The following American politicians were affiliated with the Tea Party movement, which was generally considered to be conservative, libertarian-leaning, and populist. The Tea Party movement advocated for reducing the U.S. national debt and federal budget deficit by reducing federal government spending and taxes. It was not a single, formal political party, but rather represented by activist groups such as the Tea Party Patriots and the Tea Party Express. The Tea Party Caucus was the main coalition of Tea Party-affiliated representatives and senators in Congress and was described as having a voting record resembling that of a third party. The Liberty Caucus and Freedom Caucus are closely associated with the Tea Party movement and many members of the Tea Party Caucus shifted to them following its dissolution around 2016. Tea Party members were almost entirely from the Republican party although attracted support from the Libertarian party as well; the following list of politicians were members of the Republican Party while in office unless otherwise noted.

==Alabama==
- Robert Aderholt, representative from Alabama's 4th congressional district (1997–present) and a member of the Tea Party Caucus.

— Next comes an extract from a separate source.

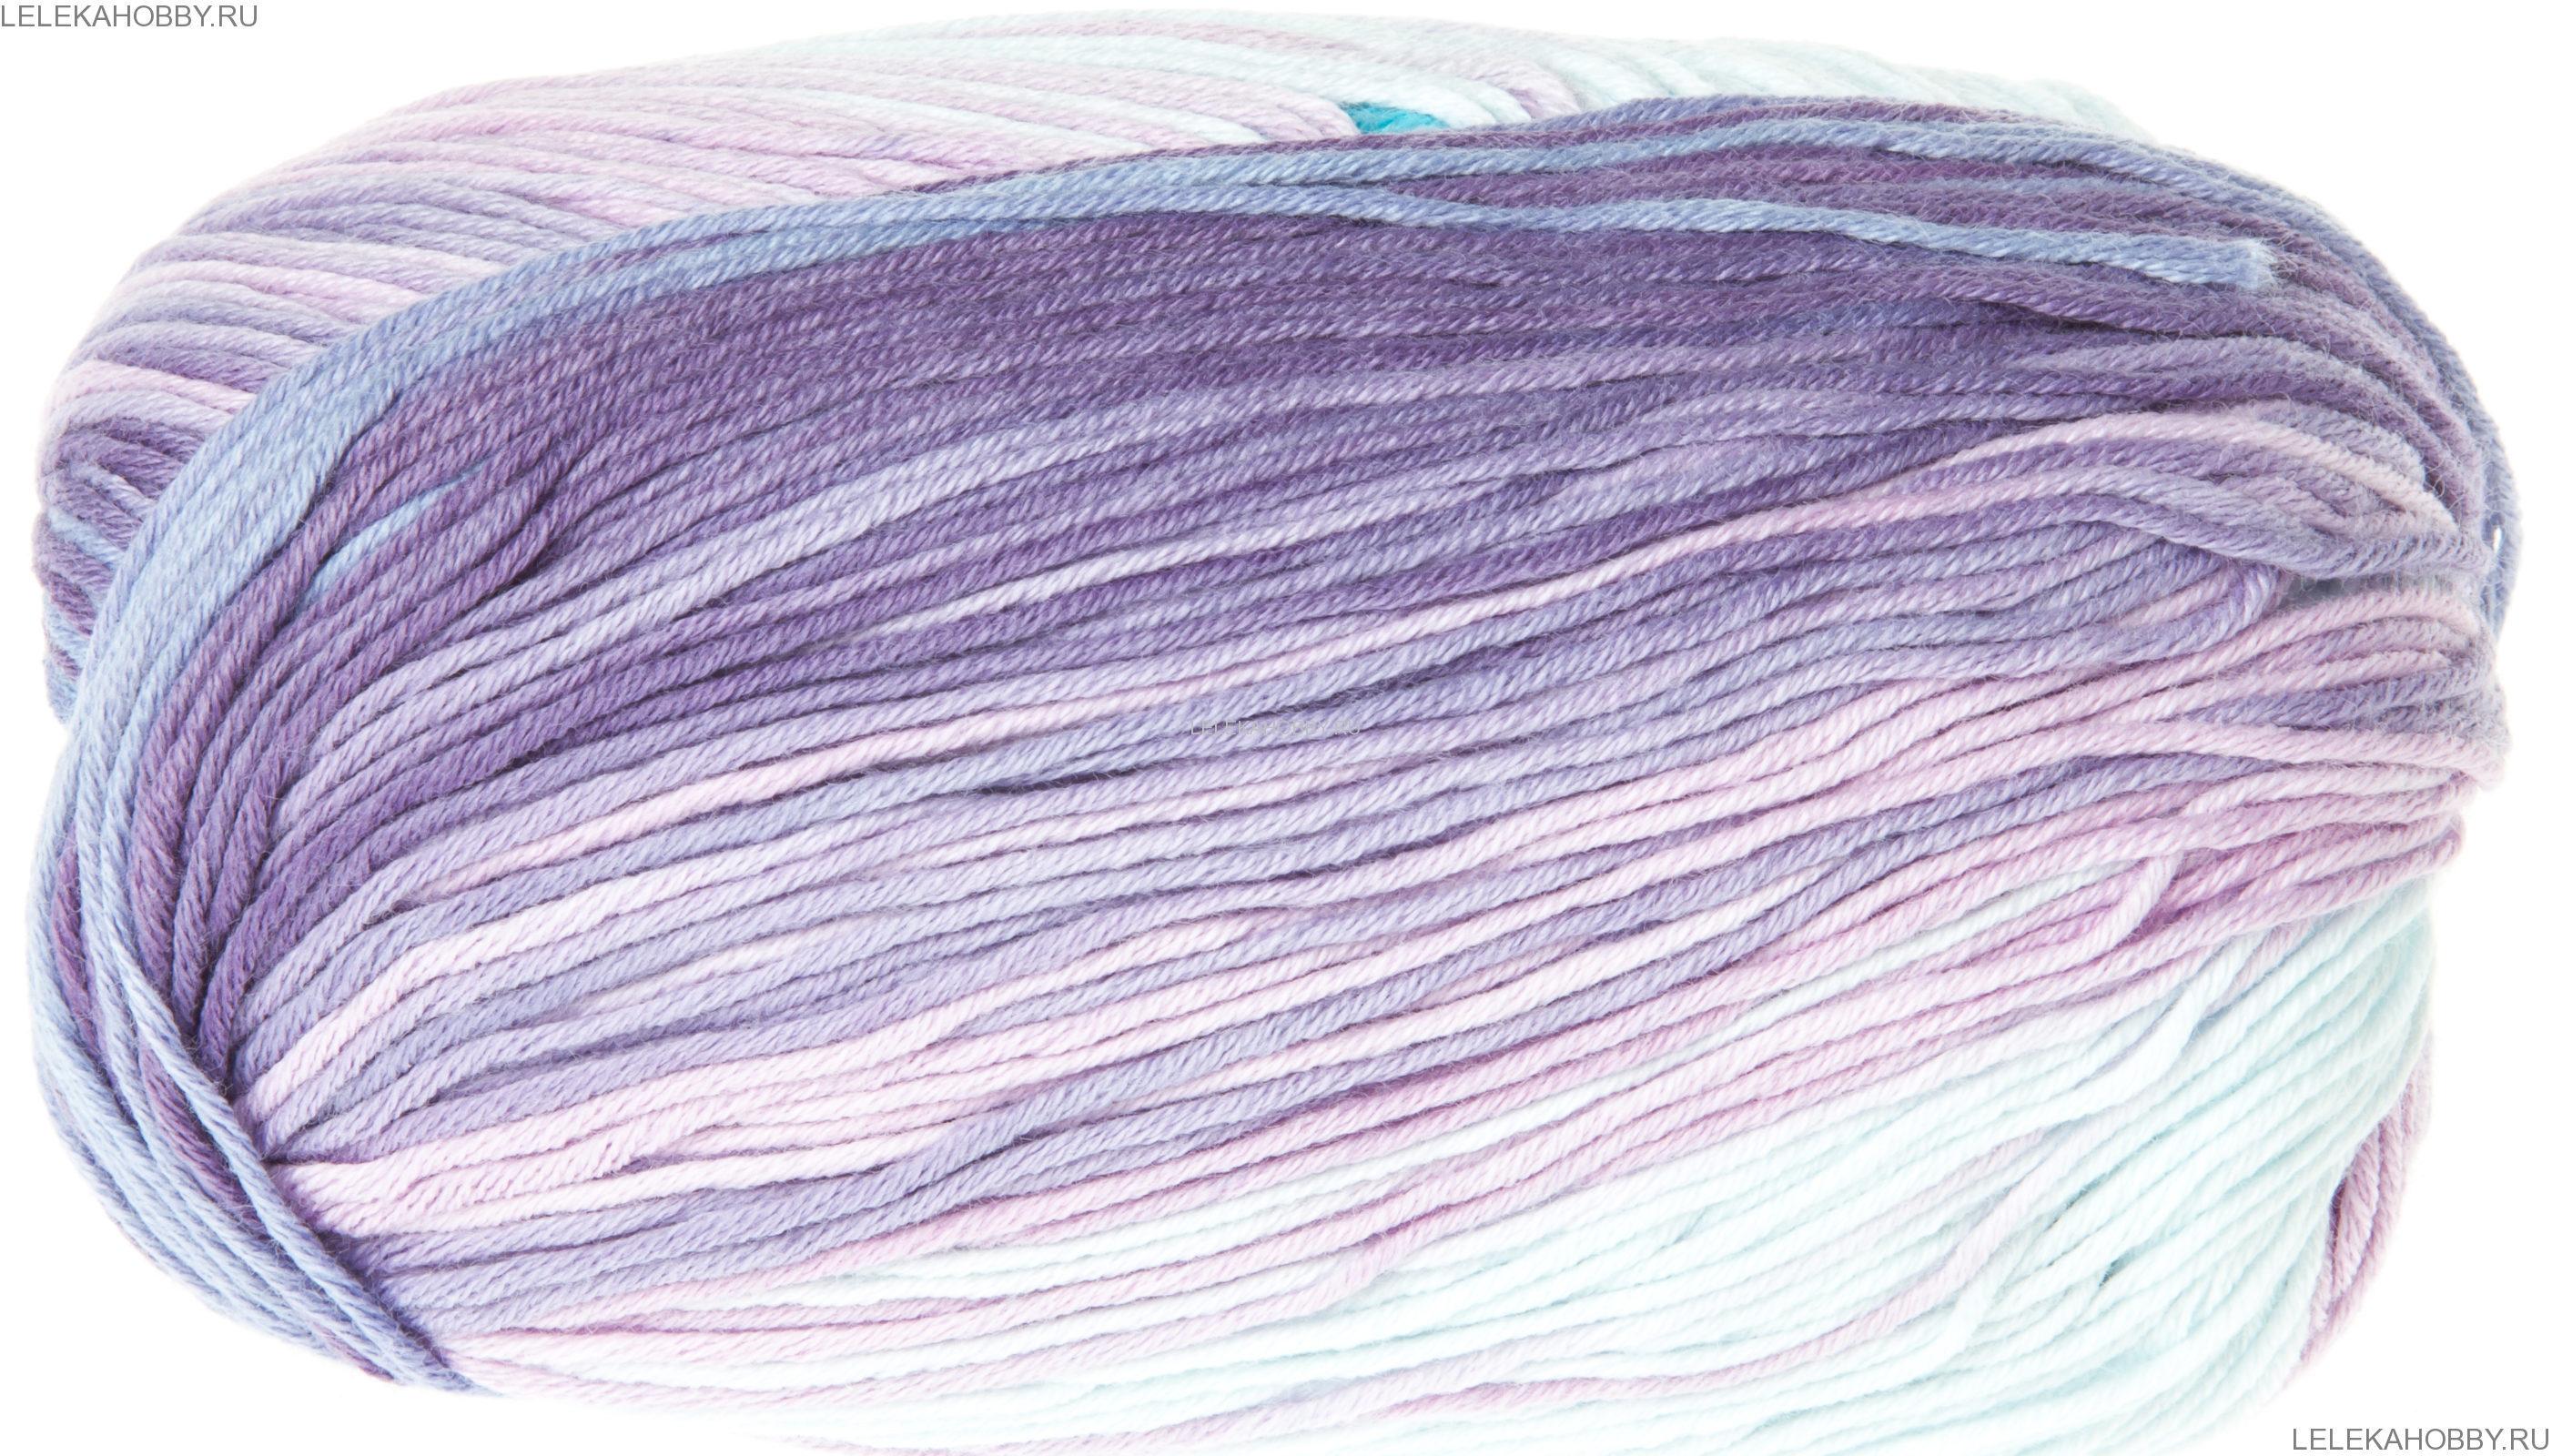 Нитки для вязания мочалок в спб

- Mo Brooks, representative from Alabama's 5th congressional district (2011–2023) and a member of the Freedom Caucus.
- Bradley Byrne, representative from Alabama's 1st congressional district (2014–2021) and a member of the Republican Study Committee. Was endorsed by Alabama Patriots, a Tea Party-affiliated organization, in his 2013 special election to the House.
- Roy Moore, Circuit Judge for the Sixteenth Circuit Court of Alabama and 27th and 31st Chief Justice of the Supreme Court of Alabama.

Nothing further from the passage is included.